For his first year, Rusty was only able to persuade 39 people to sign up for the Academy. But he already has over 150 applications turned in for next year. In a violent and chaotic prison, the incarcerated men see something different in the Academy unit.
“It's because these guys [at the Academy] have learned integrity,” Rusty says.
Rusty teaches classes, leads service projects and community-building events, and meets one on one with the men.
Some of the Academy participants are serving life sentences and have been in prison for over 20 years. Some decided to get out of a gang for the first time, and escaping from gangs left them with physical and emotional scars.
Despite their past, they now want to make a difference. The Academy graduates recently began going into the segregated housing unit (SHU) to minister to the men there.
The SHU is “prison inside the prison,” Rusty said. No TV, radio, or books are allowed inside, and normally no visitors go in. Rusty received special permission to take the academy graduates, themselves prisoners, into the SHU to minister. He now takes five people into the SHU every other week. He said he has more volunteers than he needs because most of them have been in the SHU before and remember the loneliness inside.
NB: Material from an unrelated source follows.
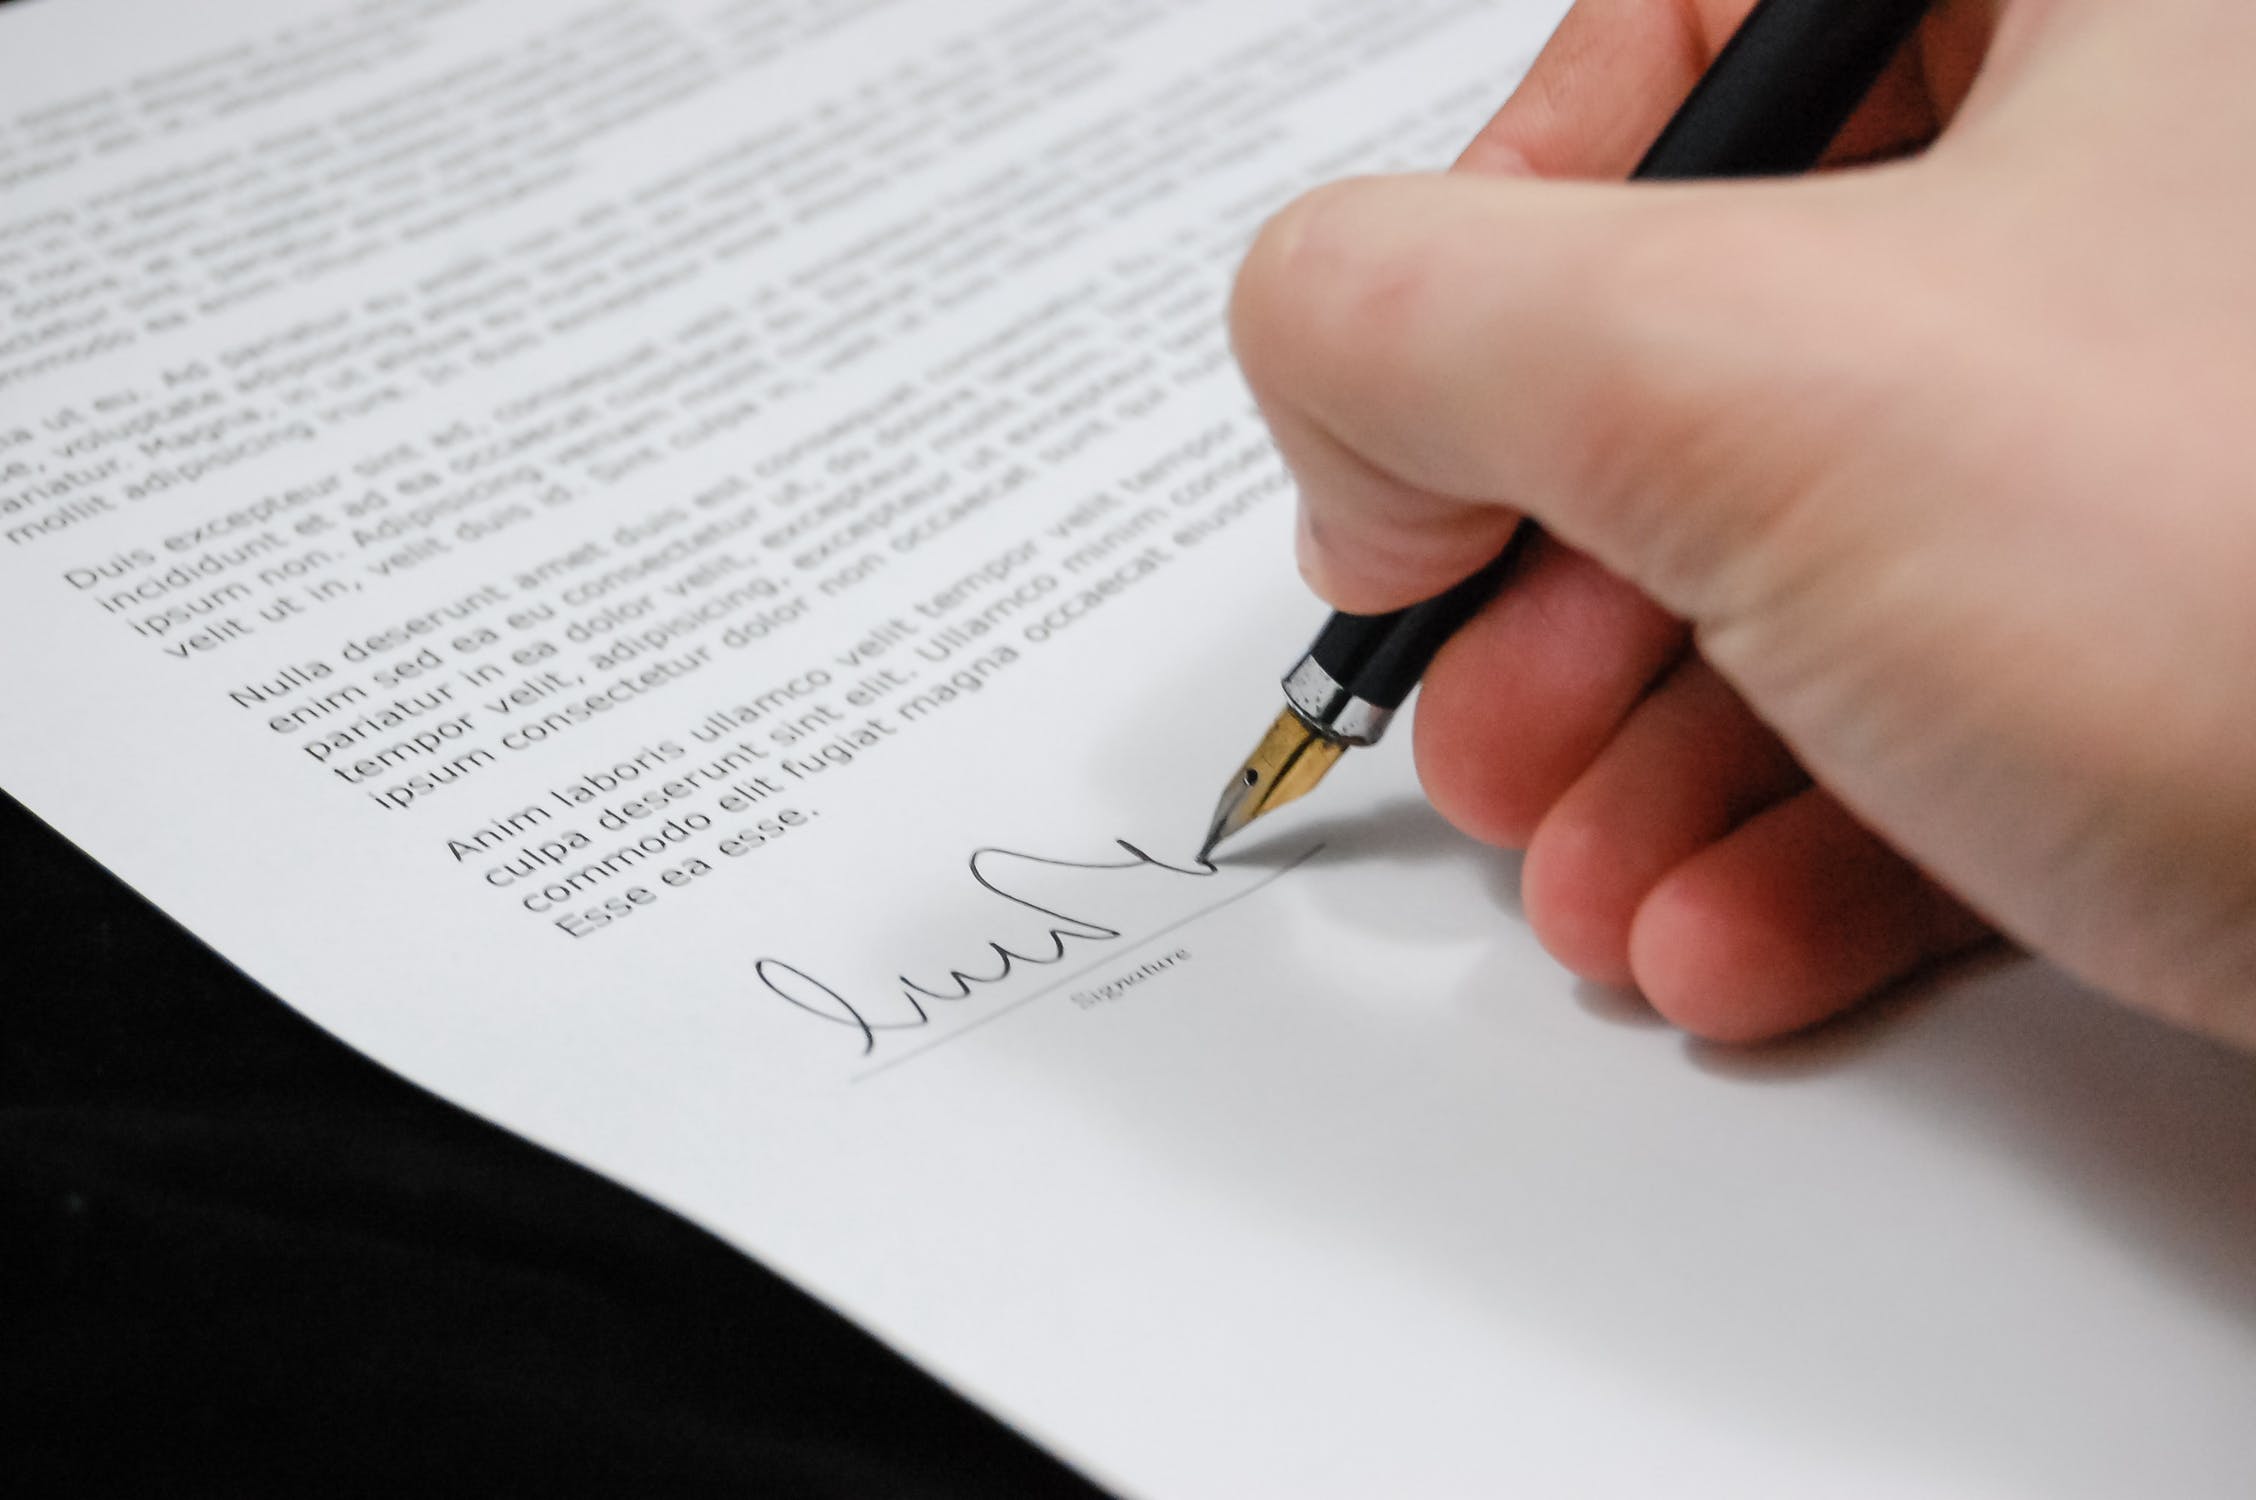 Party To Divorce Claims He Was Coerced Into Signing Agreement feature image

Through Prison Fellowship®, they now have an opportunity to not only be ministered to, but also to minister to others.
"For me, what’s been the most touching is that God has used someone like me to do something good.”
—Rusty
A CHANGED MAN
Recently, Rusty shared his story at his church. One of Rusty’s previous arresting officers was there, who texted the pastor while Rusty was describing one of his arrests. The pastor got up in the middle of the story and read that text aloud to the congregation.
“It was crazy/powerful,” the text said. “I’ll never forget that arrest the rest of my life because it affected me.”
The officer said Rusty had been violent, crazy, and had known nothing of God. He said he would never forget that arrest, because of how much Rusty had fought him and how mean he looked. He was surprised to see the change in Rusty, and praised God for it, along with the county sheriff who was also there that day.
“They came up to me and got to talk to me,” Rusty says. “They arrested me way more than one or two times. And just to see me where I was now, it was just glorifying God. The whole day glorified God.”
Reflecting on his story, Rusty often describes the change in his life to others like this: “Before I surrendered, I was inmate 261023, a liar, a thief, an adulterer, a drug addict, a deadbeat dad, a mean and violent person. After Jesus took over, I'm Rusty, a friend, a brother, a son, a father, a ministry leader, a good employee, a homeowner, and as far as I know, the best papa in the world. So thank you for listening to my story.”